RECORDED DATA →
* * * *
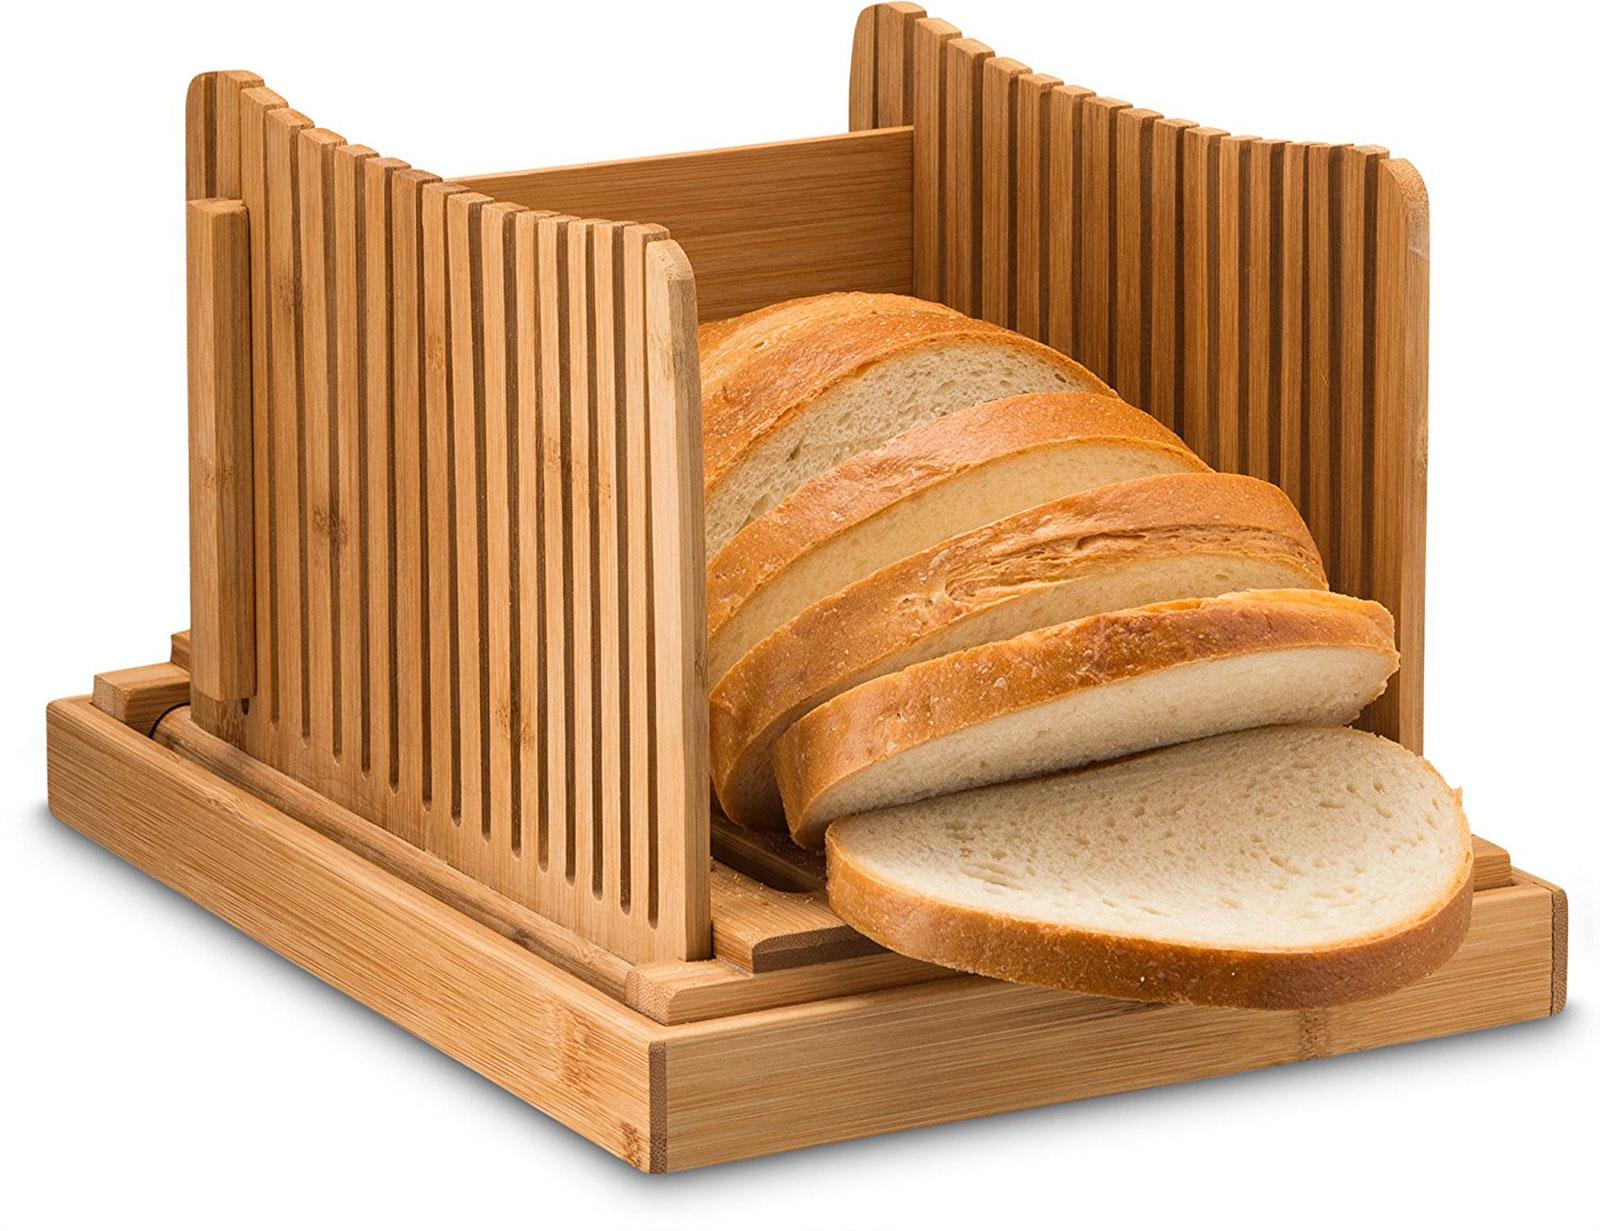 Belmint: Bambusi Bamboo Foldable Adjustable Bread Slicer w/ Crumb ...
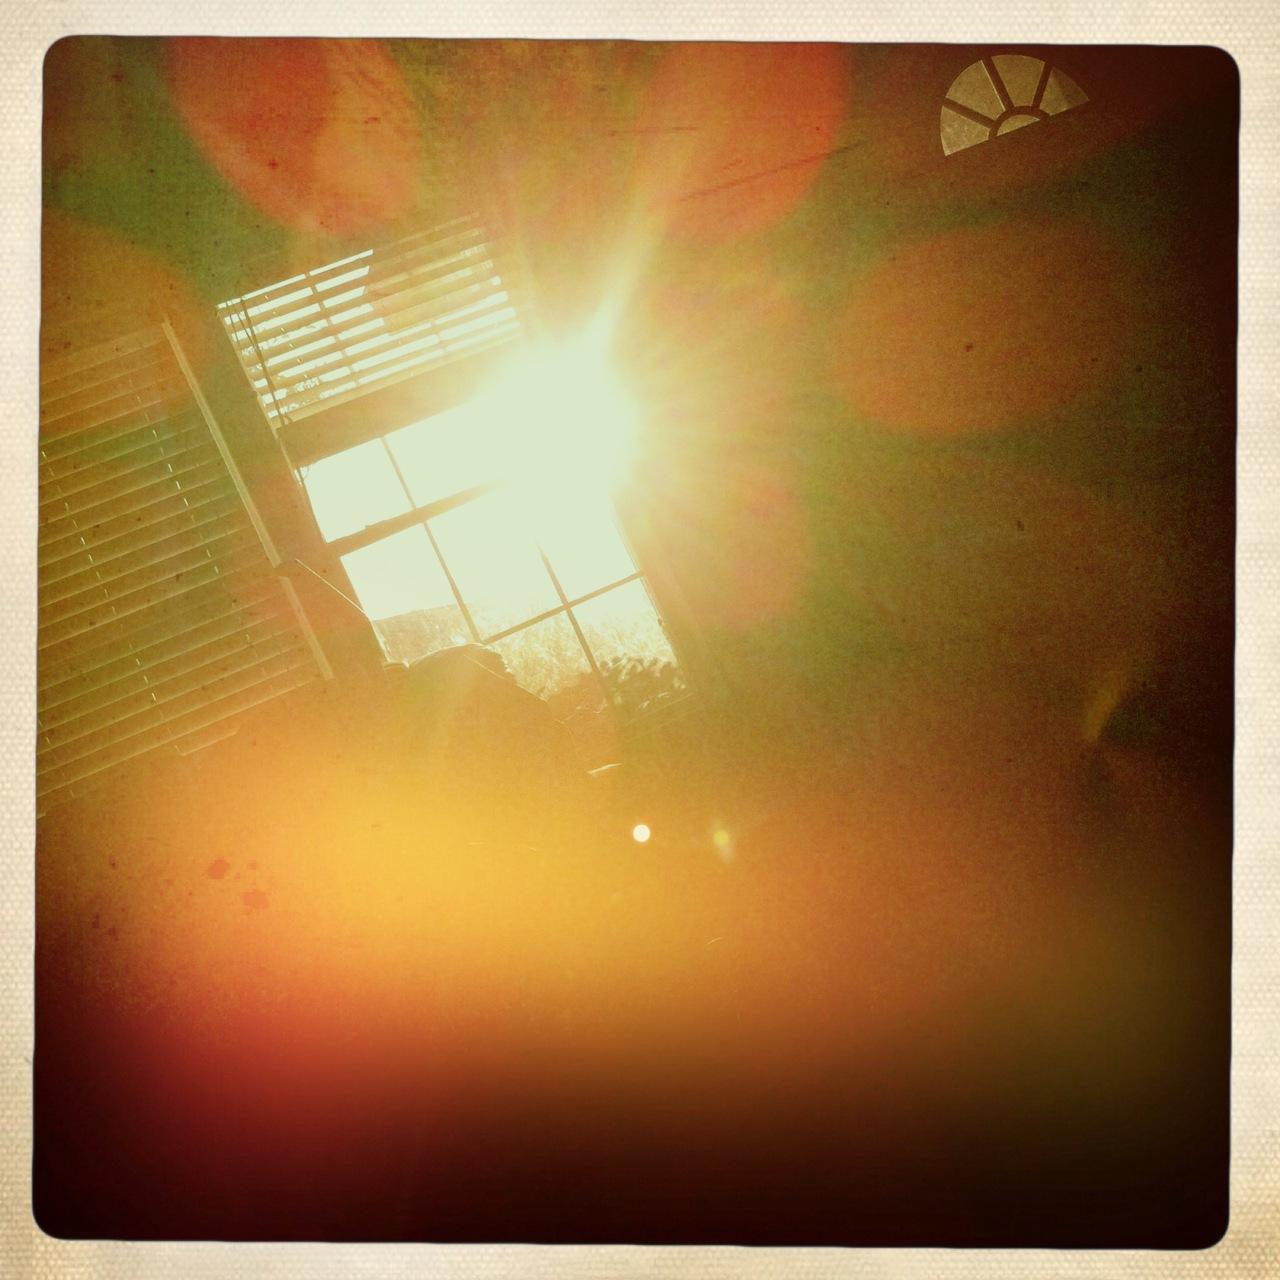 Good morning sunrise through my window 4 Buckhorst H1 Lens, Ina's 1969 Film, Dreampop Flash,
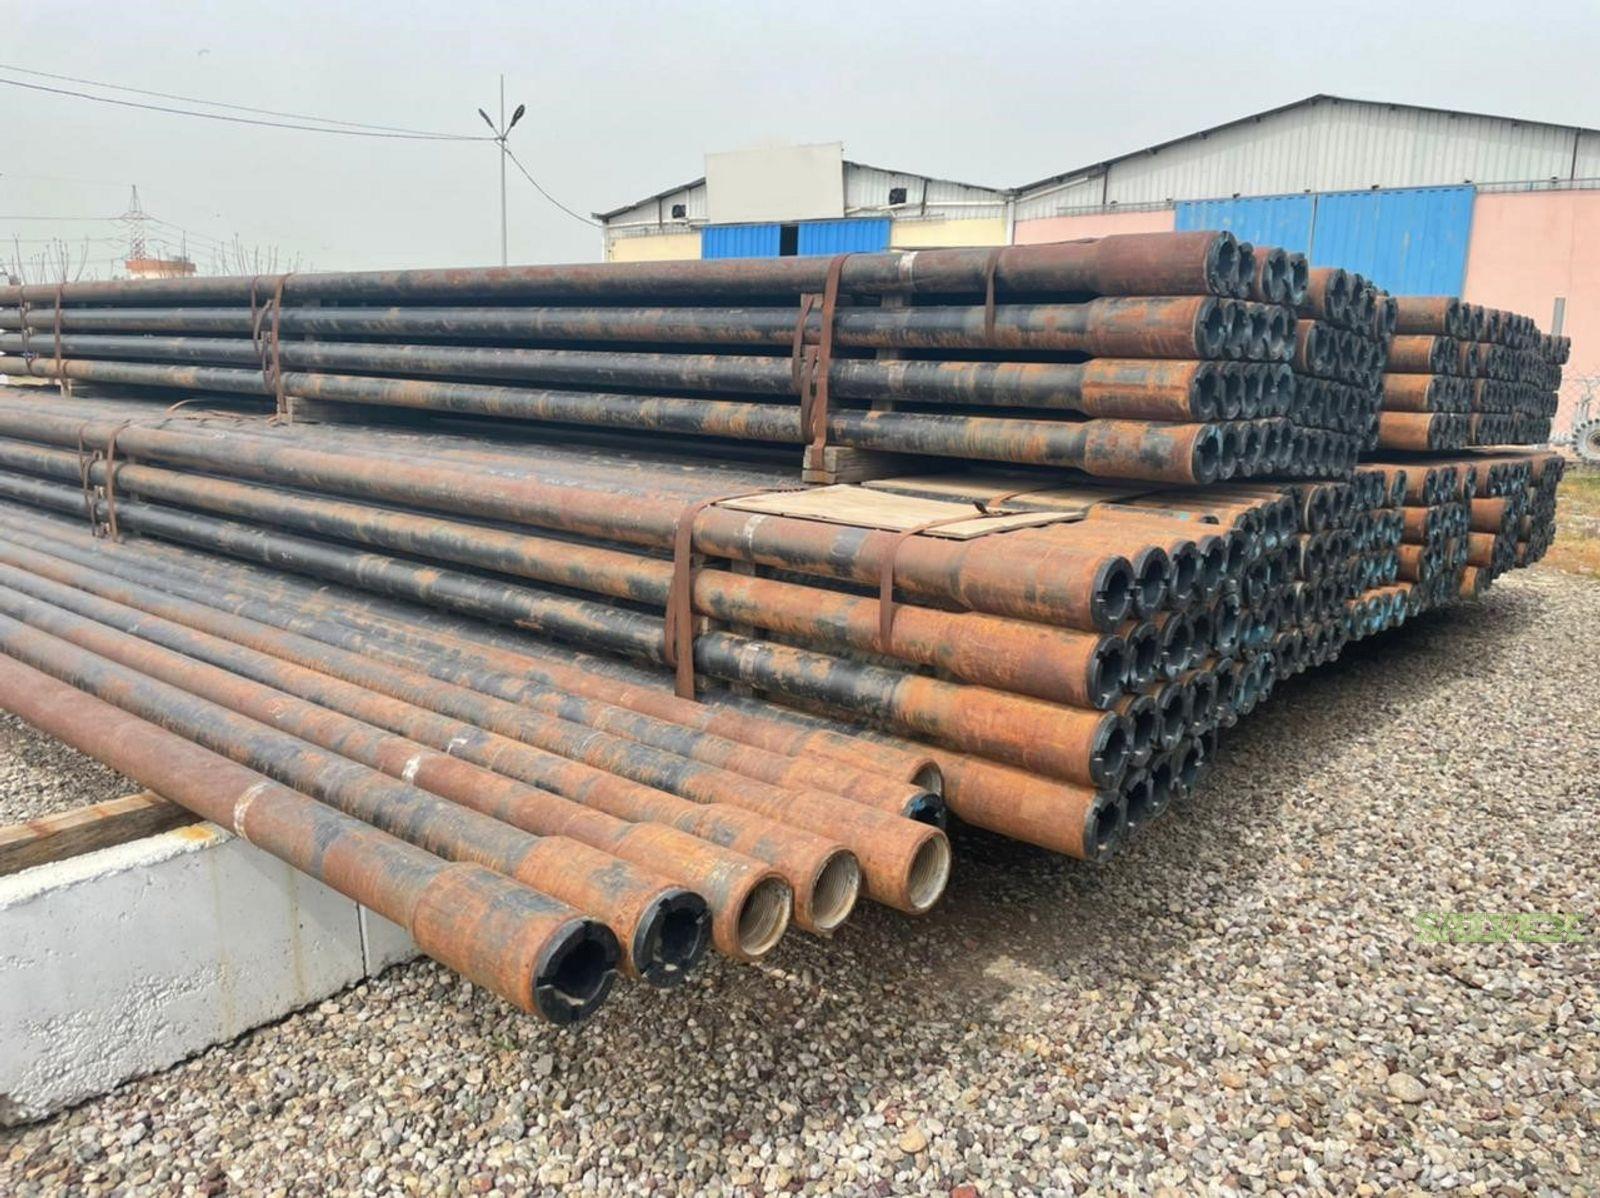 5 19.5# S-135 NC50 Surplus Drill Pipe (10,256 Feet / 105 Metric Tons)
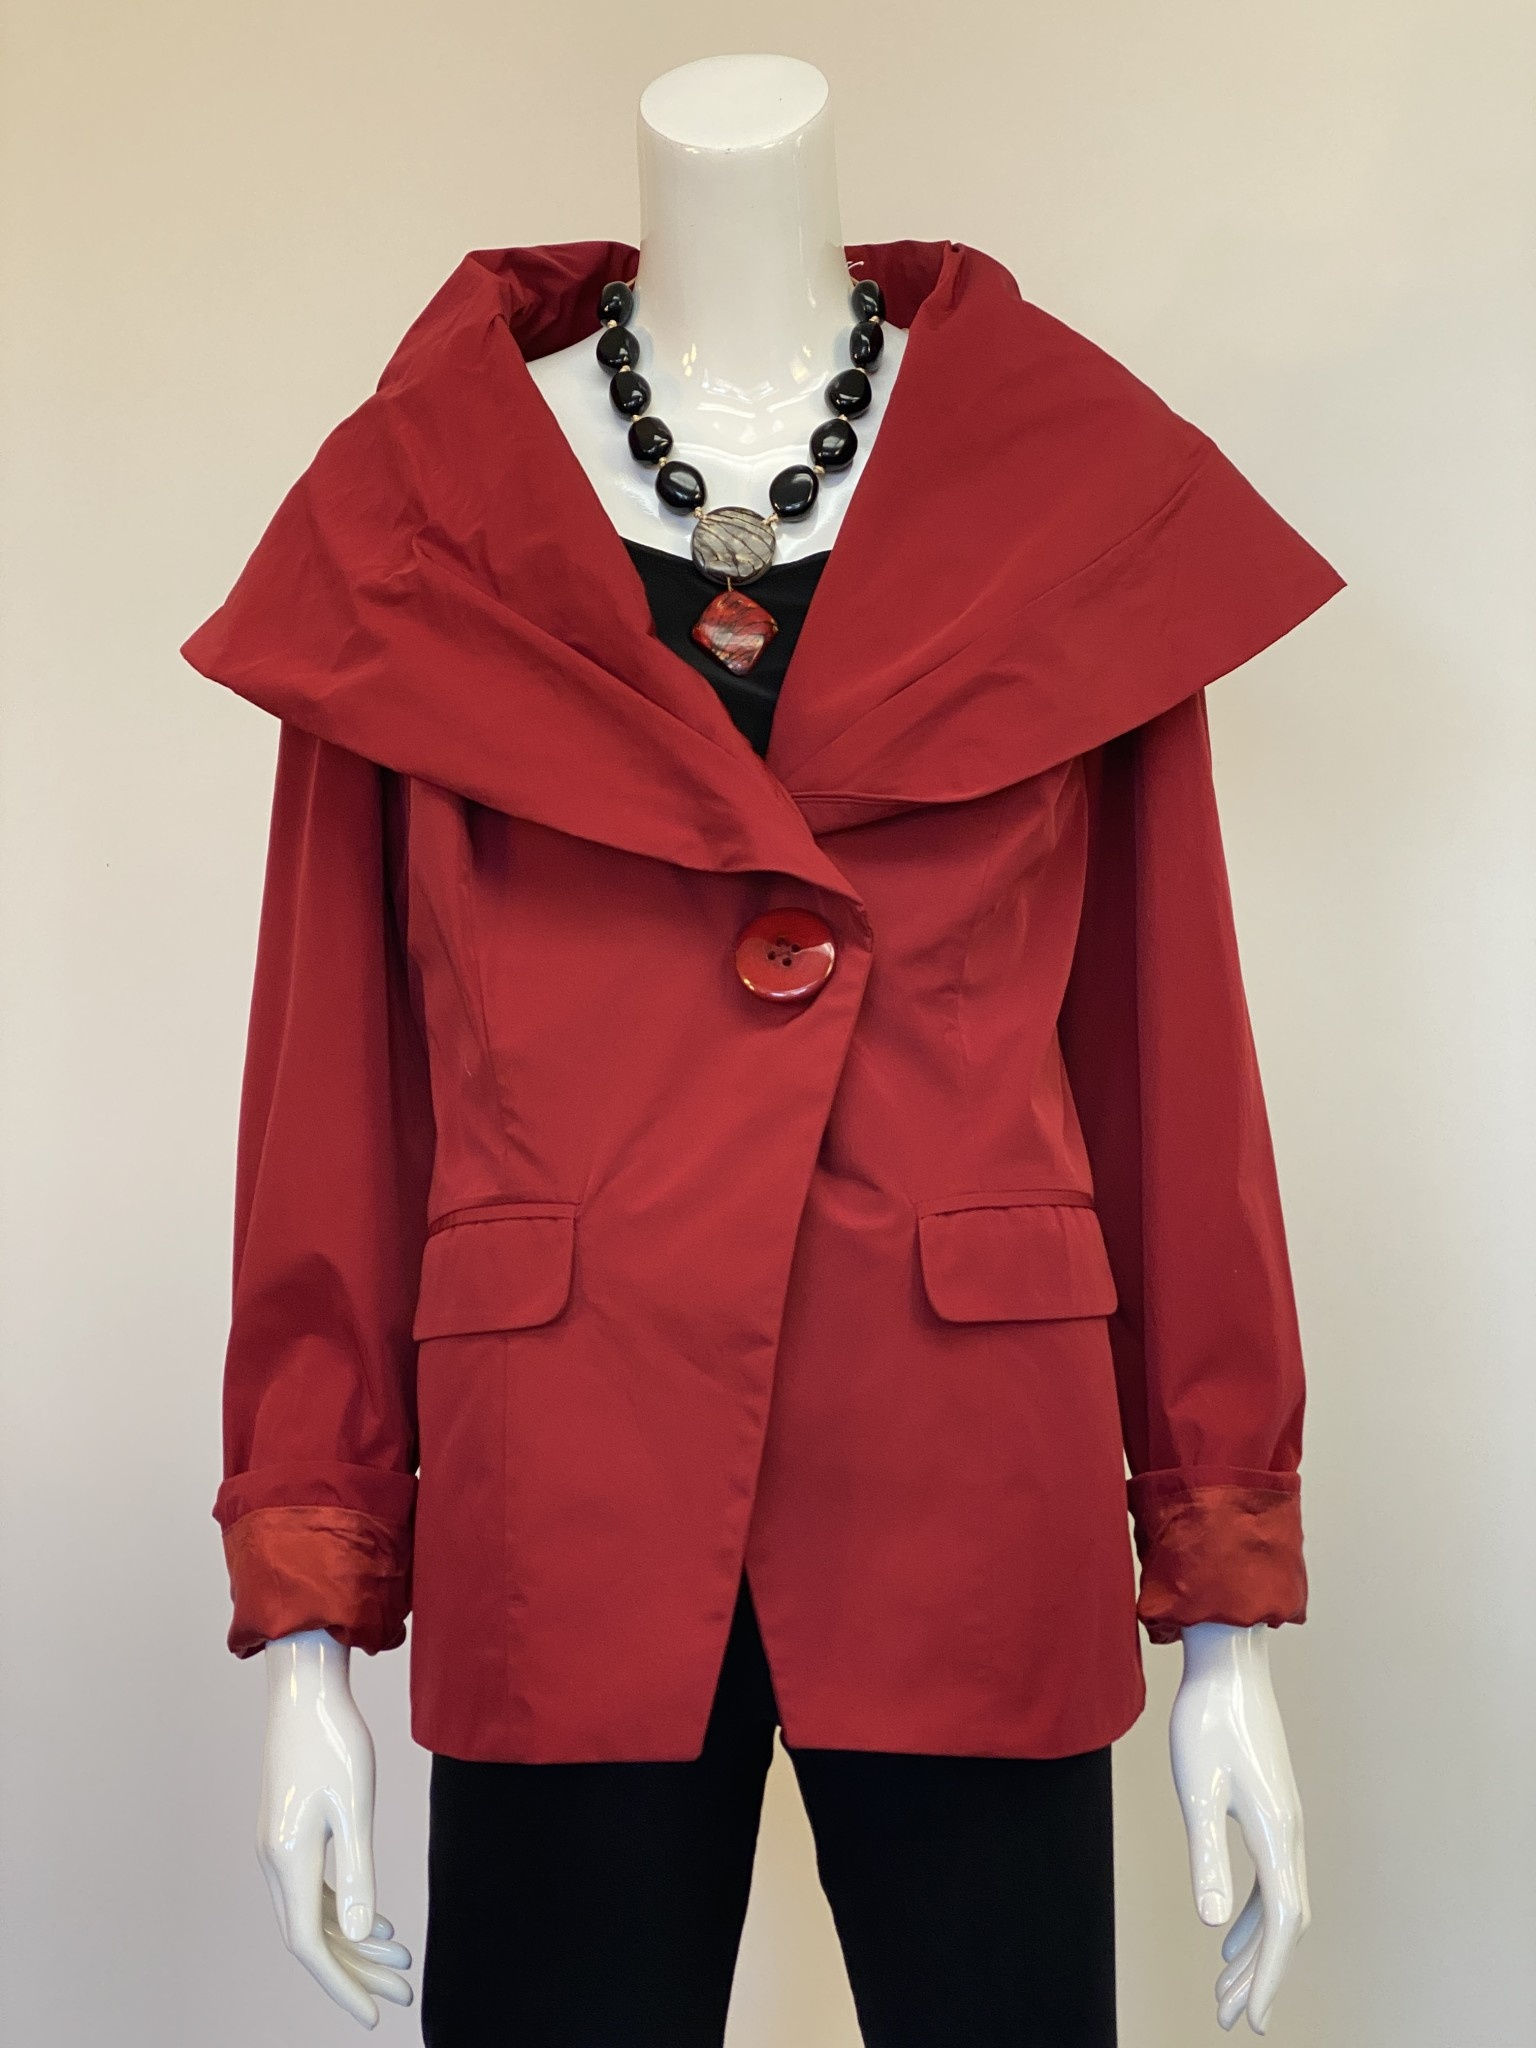 Design Today 3255 DESIGN TODAY POPLIN JKET RED XLG
* * * *
THE PROBLEM →
Once the line containing "5 19.5# S-135" is found, write it out exactly along with every line after it through the end of the listing, excluding pictures.

TASK RESULT →
 5 19.5# S-135 NC50 Surplus Drill Pipe (10,256 Feet / 105 Metric Tons)
 Design Today 3255 DESIGN TODAY POPLIN JKET RED XLG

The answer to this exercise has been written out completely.